The Fraunhofer-Gesellschaft (www.fraunhofer.com) currently operates 76 institutes and research institutions throughout Germany and is the world’s leading applied research organization. Around 30 000 employees work with an annual research budget of 2.9 billion euros.

The Fraunhofer Institute for Digital Media Technology IDMT is part of the Fraunhofer-Gesellschaft. Headquartered in Ilmenau, Germany, the institute is internationally recognized for its expertise in applied electroacoustics and audio engineering, AI-based signal analysis and machine learning, and data privacy and security.

At the headquarters, on the campus of “Technische Universität Ilmenau” researchers work on technologies for robust, trustworthy AI-based analysis and classification of audio and video data. These are used, among other things, to monitor industrial production processes, but also in traffic monitoring or in the media context, for example when it comes to automatic metadata extraction and audio manipulation detection. Another focus is the development of algorithms for the areas of virtual product development, intelligent actuator-sensor systems and audio for the automotive sector.

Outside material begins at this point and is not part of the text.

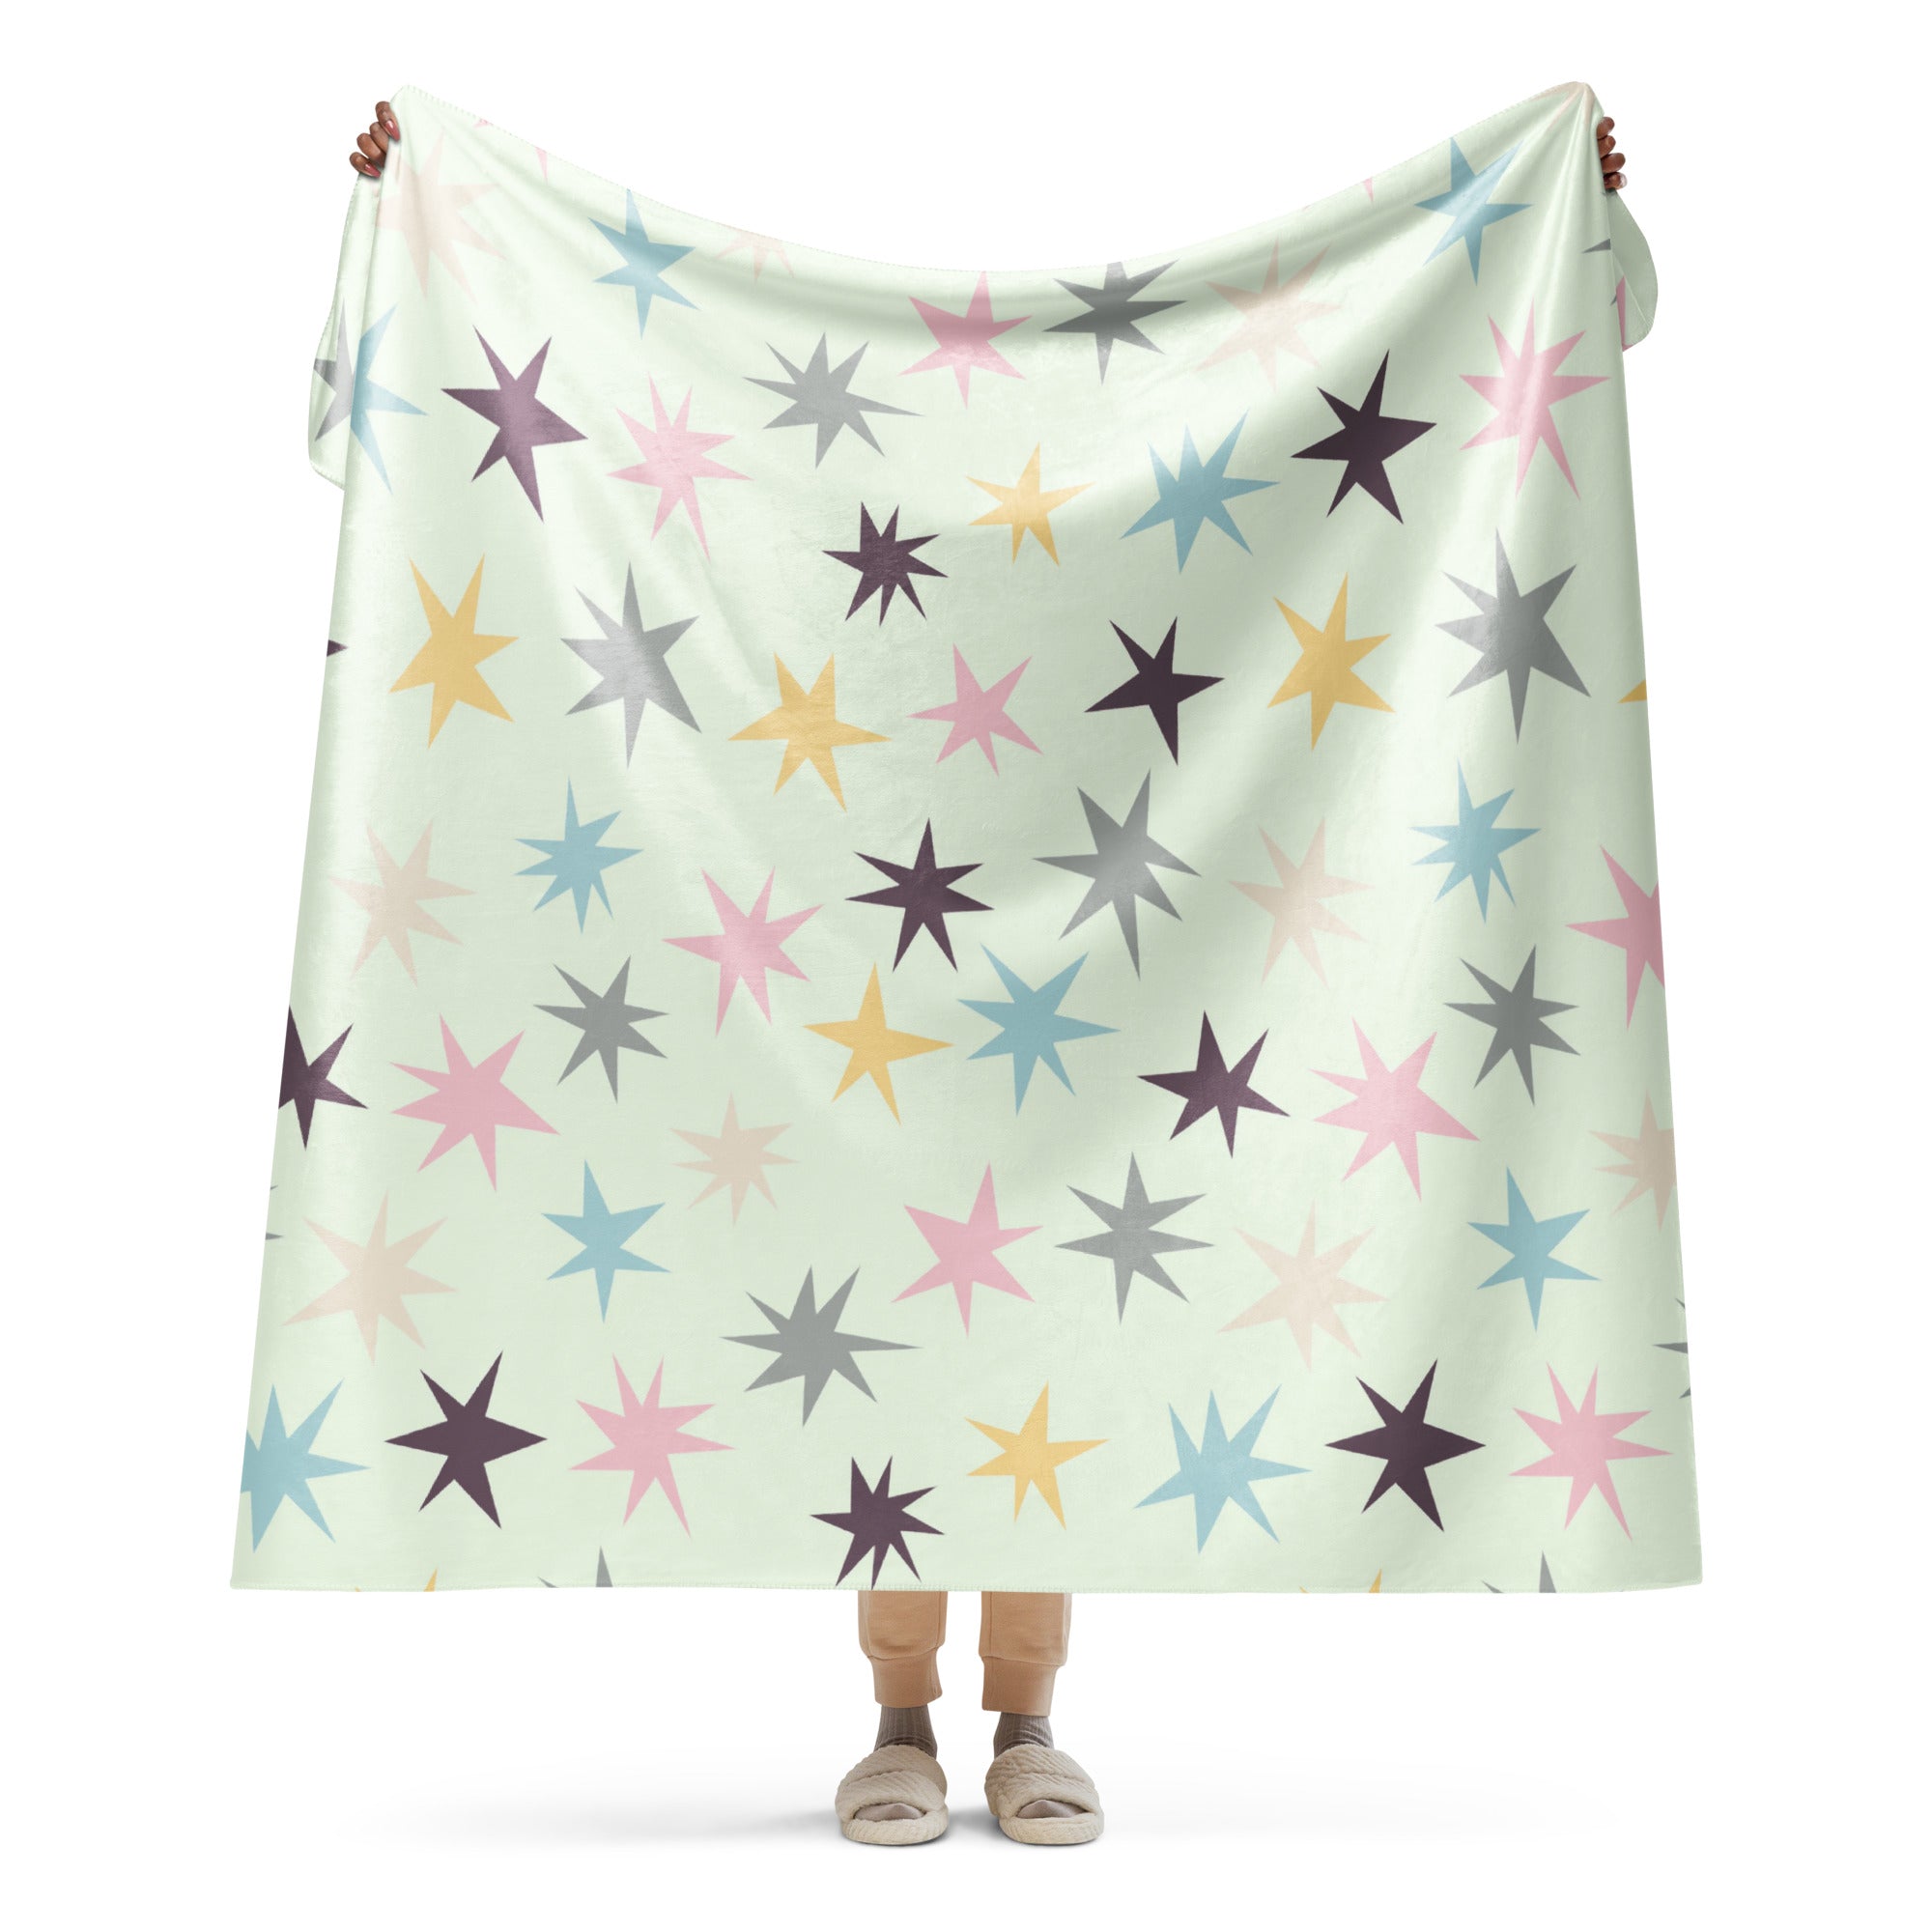 Colorful Stars Sherpa blanket

There are currently around 70 employees working at Fraunhofer IDMT in Ilmenau.

What you will do

In recent years, deep learning has become more and more powerful for classification tasks in many domains, replacing traditional statistical methods as more data becomes available. In music information retrieval (MIR), these tasks include, for instance, instrument classification and genre detection, where deep learning methods such as Convolutional Neural Networks achieve state-of-the-art accuracy by a wide margin.

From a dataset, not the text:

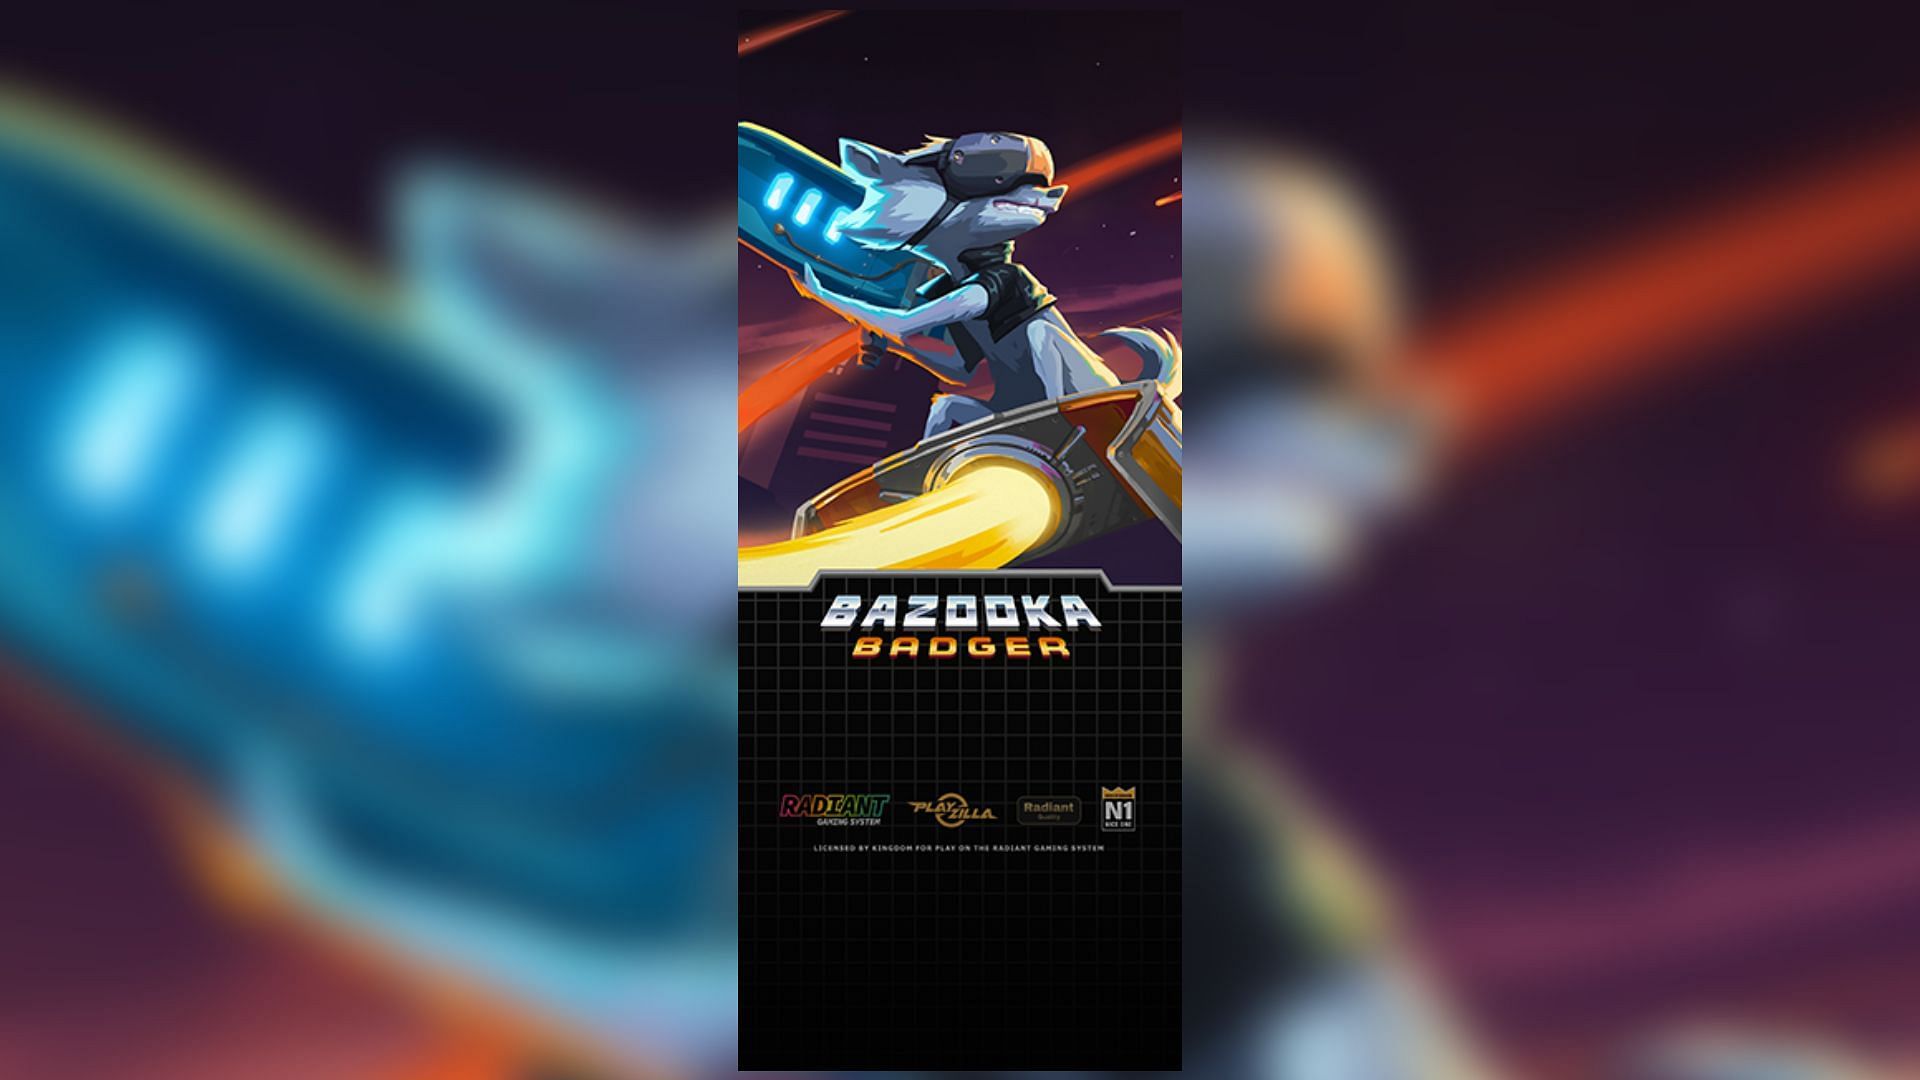 Bazooka Badger player card (Image via Riot Games)

However, evaluation metrics such as accuracy do not necessarily tell the whole story. It has been shown that while these systems achieve high accuracy scores, their errors can be particularly nonsensical [1]. In fields such as Computer Vision, such errors can be catastrophic (imagine a self-driving car mistaking a pedestrian for a road marking), and thus, some research has been done with the goal of minimizing the severity of errors with regard to an altered loss function or a hierarchical treatment of class labels [2].

We therefore propose to build upon an existing model for either instrument detection or genre classification, and investigate ways to measure and reduce its error severity for its classification task.

Specifically, in this Master's Thesis, the following objectives should be accomplished:
(1) A literature review of existing methods for error severity reduction, and existing methods for error severity measurement, drawn especially from Computer Vision.
(2) A literature review of hierarchical taxonomies for musical instruments or genres, either from existing work (e.g., [3]), from music theoretic principles, or using an unsupervised approach (e.g., clustering).
(3) The re-implementation of a simple baseline model for the chosen task (genre classification or instrument detection).
(4) The implementation of a suitable metric for measuring error severity (from (1)).
(5) The implementation and evaluation of at least 2 strategies for minimizing error severity using the baseline model from (3) and the evaluation metric from (4), compared against the model's baseline performance. At least one method should involve an implemented hierarchical classification strategy.

Finally, the student should write a final thesis document.

References:
[1] Jeanneret, G., Pérez, J. C., & Arbeláez, P. (2021). A Hierarchical Assessment of Adversarial Severity. IEEE/CVF International Conference on Computer Vision Workshops, 61–70.
[2] Bertinetto, L., Mueller, R., Tertikas, K., Samangooei, S., & Lord, N. A. (2019). Making Better Mistakes: Leveraging Class Hierarchies with Deep Networks. IEEE Computer Society Conference on Computer Vision and Pattern Recognition, 12503–12512. https://doi.org/10.48550/arxiv.1912.09393
[3] Garcia, H. F., Aguilar, A., Manilow, E., & Pardo, B. (2021). Leveraging Hierarchical Structures for Few-Shot Musical Instrument Recognition. https://doi.org/10.48550/arxiv.2107.07029
[4] Bogdanov, D., Won M., Tovstogan P., Porter A., & Serra X. (2019). The MTG-Jamendo Dataset for Automatic Music Tagging. Machine Learning for Music Discovery Workshop, International Conference on Machine Learning (ICML 2019).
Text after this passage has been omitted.